TWENTY-FIVE miles north of Kagoshima along the Izumi Road lies some rich coastal terrain. Here to the northwest of Hioki by the Satsuma district border is the land of Kushikino, one of more than a hundred areas that once made up the old province of Satsuma. It is a warm, scenic stretch of coast. A backdrop of mountains, the Yaeyama range, sweeps across the skyline from Mount Kanmuri to Mount Benzaiten in the north. Far below, the waters of the East China Sea wash along the shores of Atakai Bay.1
In times past, this area lay within the territories of the Shimazu family, the daimyo rulers of the Satsuma domain. The land was under the jurisdiction of an absentee lord who lived in Kagoshima, the seat of Shimazu power. In practice, affairs here were run by his agents from a makeshift office in the town of Kushikino.
At the northern extremity of Atakai Bay, five miles beyond this old outpost of administrative control, lies the little village of Hashima. From the fine natural harbour here, the Koshikijima Islands can be seen far out to sea in the distance. It is a secluded spot, sheltered from northwesterly gales in winter by the shoulder of Mount Benzaiten rising from the sea to the north. The climate feels quite tropical, unusually warm even in these southern parts.
In 1847, Saigō Takamori, then a youth of twenty called Saigō Kichinosuke, was ordered here to Hashima by the Satsuma domain. He came as a clerk serving under the district magistrate Komori Shinzō during the Manpuku Tameike flood prevention works. This was one of the most important river projects in the region at the time, involving the combined efforts of samurai from the castle-town and local rural samurai (gōshi).

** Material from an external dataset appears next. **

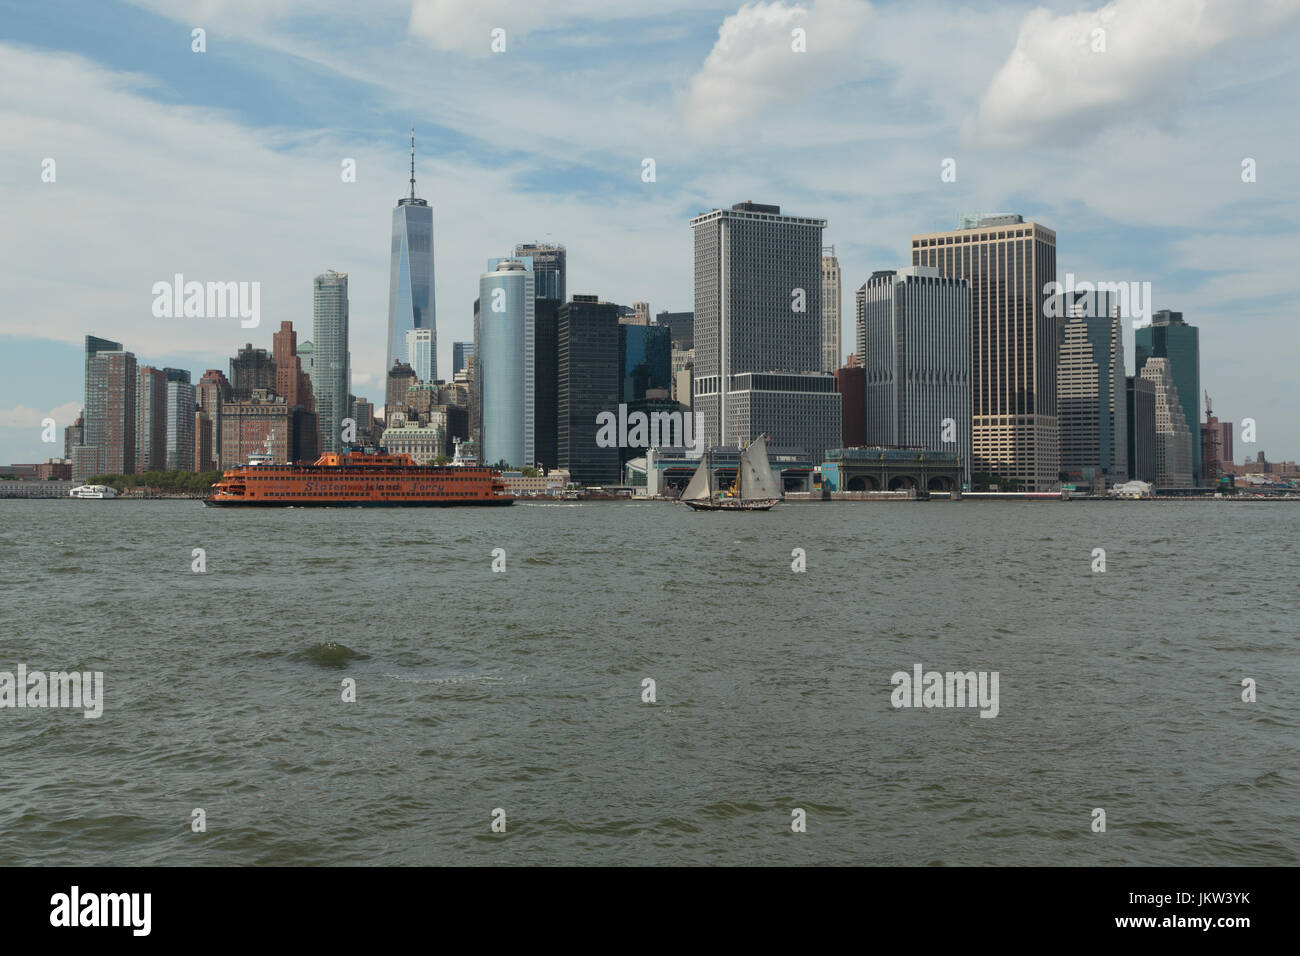 A photograph of Manhattan skyline, as seen from Governor's Island, New York City. The iconic orange Staten Island Ferry, and an old sailing ship can b Stock Photo

With county administrators, district clerks, village elders and inspectors all cooperating together under Komori's supervision, construction was completed the following year.2
During his stay in Hashima, Saigō was on intimate terms with a rural samurai called Haseba Tōzō. Taking advantage of breaks in the work he often called by at his house, and there the two friends would lay bare their thoughts as they talked over the affairs of the day. These visits made a deep impression on Haseba's eldest son Sumitaka, and although he was just a boy at the time, the contact he had with Saigō through his father did much to shape his outlook. In later years, he became a man of some influence himself in the world of Meiji politics as Speaker of the House of Representatives, minister of Education, and a leading figure in the Seiyūkai Party.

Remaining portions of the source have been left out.